There’s plenty to be done with them. They can be blanched and pickled, roasted to concentrate their sugars and then marinated, sauteed, cooked in cream, dehydrated for soup in the winter, you get the idea. There is a lot more to do with them than just treat them like another mushroom though. Honeys are loved in Eastern Europe, as well as Italy, so if you’re looking for inspiration, try looking for recipes for mushroom from those cuisines-there’s a good chance some recipes could originally be made with honeys, but had their names changed due to availability. They also make great substitutes for mushrooms in Asian cuisine, where they’re natural thickening property can be used a bit like cornstarch. See below on mucilage for more on that.
Always Cook Honey Mushrooms Thoroughly
Many mycological societies ban the serving of honey at mushroom gatherings and cookouts since some people have become ill after eating them. The biggest thing to remember is that they need a bit of extra cooking to make sure that they don’t give you any gastric upset.

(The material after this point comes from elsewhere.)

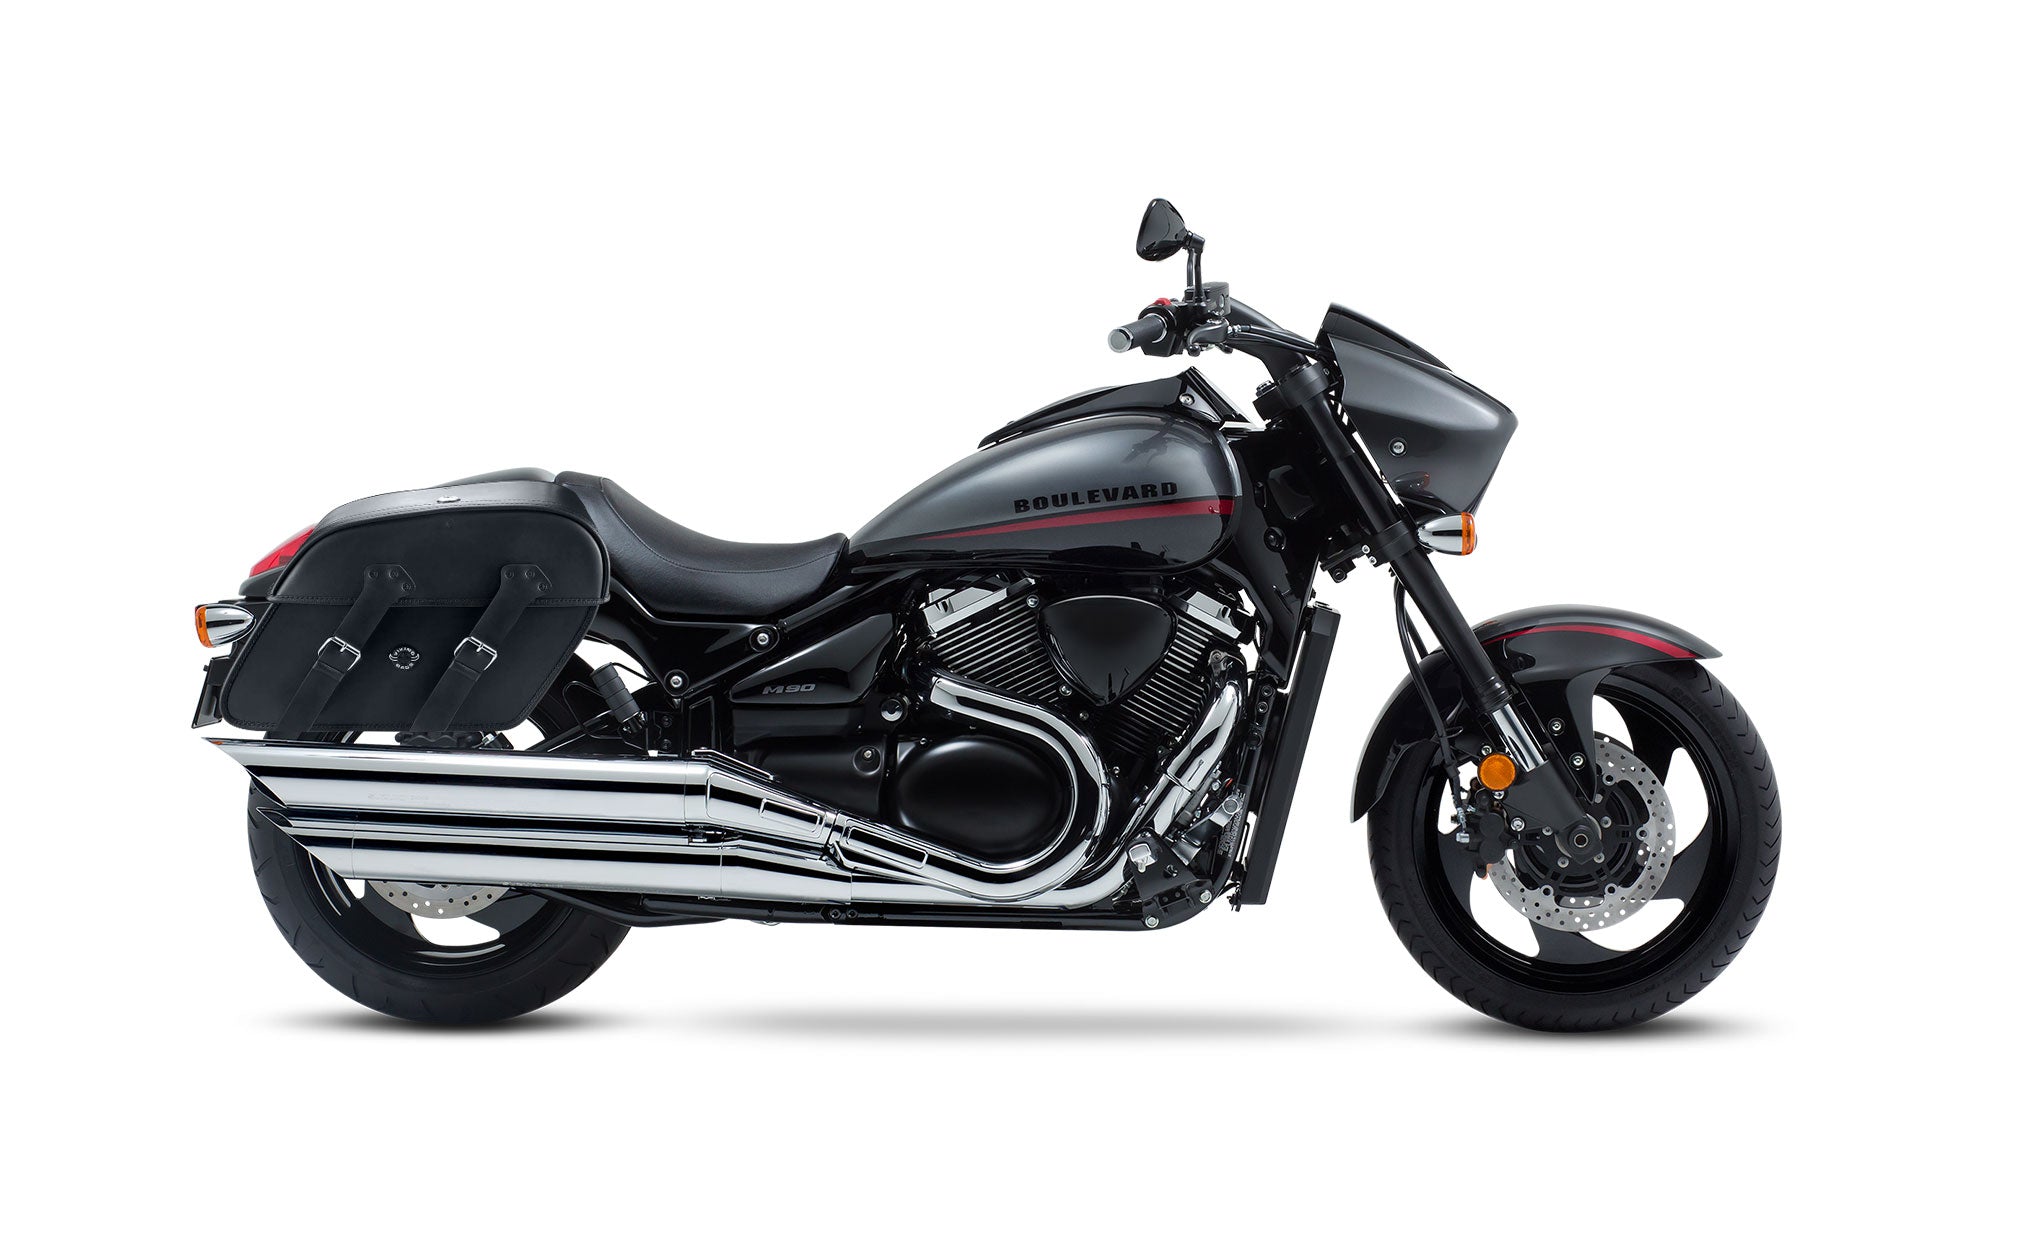 Viking Raven Extra Large Suzuki Boulevard M90 Vz1500 Leather Motorcycle Saddlebags on Bike Photo @expand
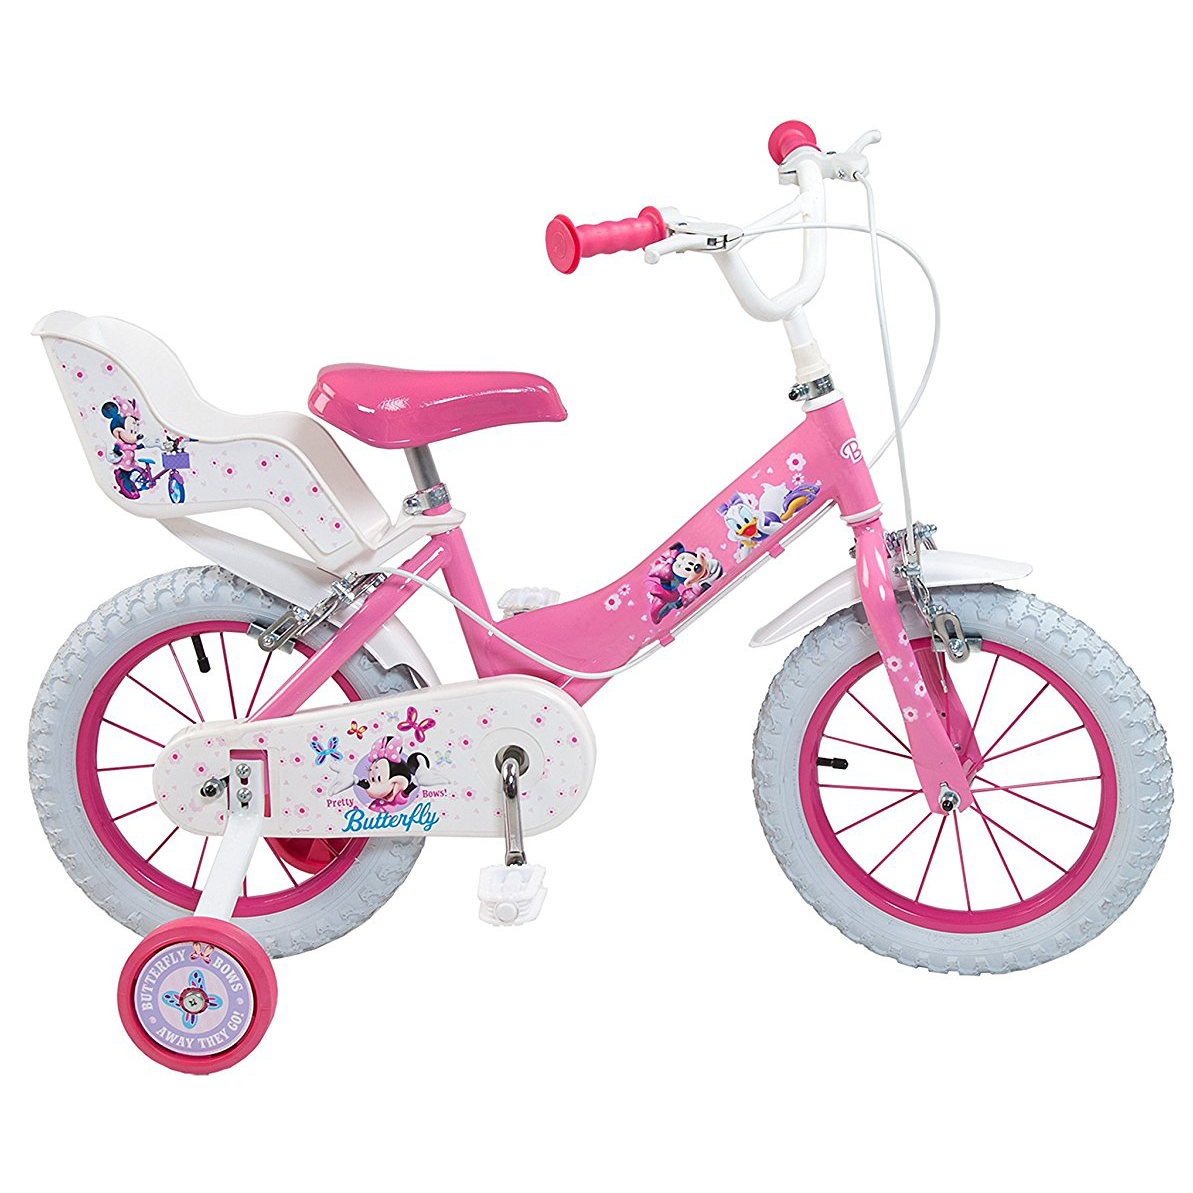 Детский велосипед от 5 лет для девочки. Велосипед детский четырехколесный от 4 лет Юпитер. Т451642 детский велосипед четырехколесный Tech Team "12" дюймов. Велосипед для девочки. Велосипед от 3 лет для девочки.

Apparently some people are more sensitive to certain species too, so start out serving small amounts to check for allergies. I’ve also heard people say that the suspect species that can give intestinal upset is not the complex of honey mushrooms that grow in deciduous woods, but the coniferous species, Armillaria gallica. My advice is just make sure to cook them all completely through.
Don’t be scared though-I’ve seen more people become sick after eating thoroughly cooked black morels than I have honey mushrooms. When properly cooked, the Honey mushrooms are delicious and rich, with a slightly sweet finish.
The Honey Mushroom Slime
Yay for mucilage. Have you ever cooked okra? or Cactus paddles? Honeys, along with other mushrooms like amanita, lactarius and fried chicken mushrooms give off mucilage when cooked in liquid. To avoid this, blanch the honey mushrooms in salted water before adding to a pickle liquid, or dehydrate them. People around the world have been enjoying honey mushrooms regardless of the mucilagenous qualities for years though. Packed in pickling jars they can be a little snotty, if they aren’t blanched first, but if you cook them in something like a soup or broth they will thicken it nicely, which means you can add them to soups almost like roux, or okra.
I should mention, when possible I like to serve honey mushroom caps whole, or if they’re really large, halved or quartered, they just look better, and taste better like that. The long stems can be reserved for duxelles or broth, etc.
Like most other mushrooms, honeys should cooked before freezing, they also dry well, but I like to cut the caps into 1/4s or halves to ensure they’re not tough. Blanching in lightly salted water and freezing with butter or oil is probably my go-to.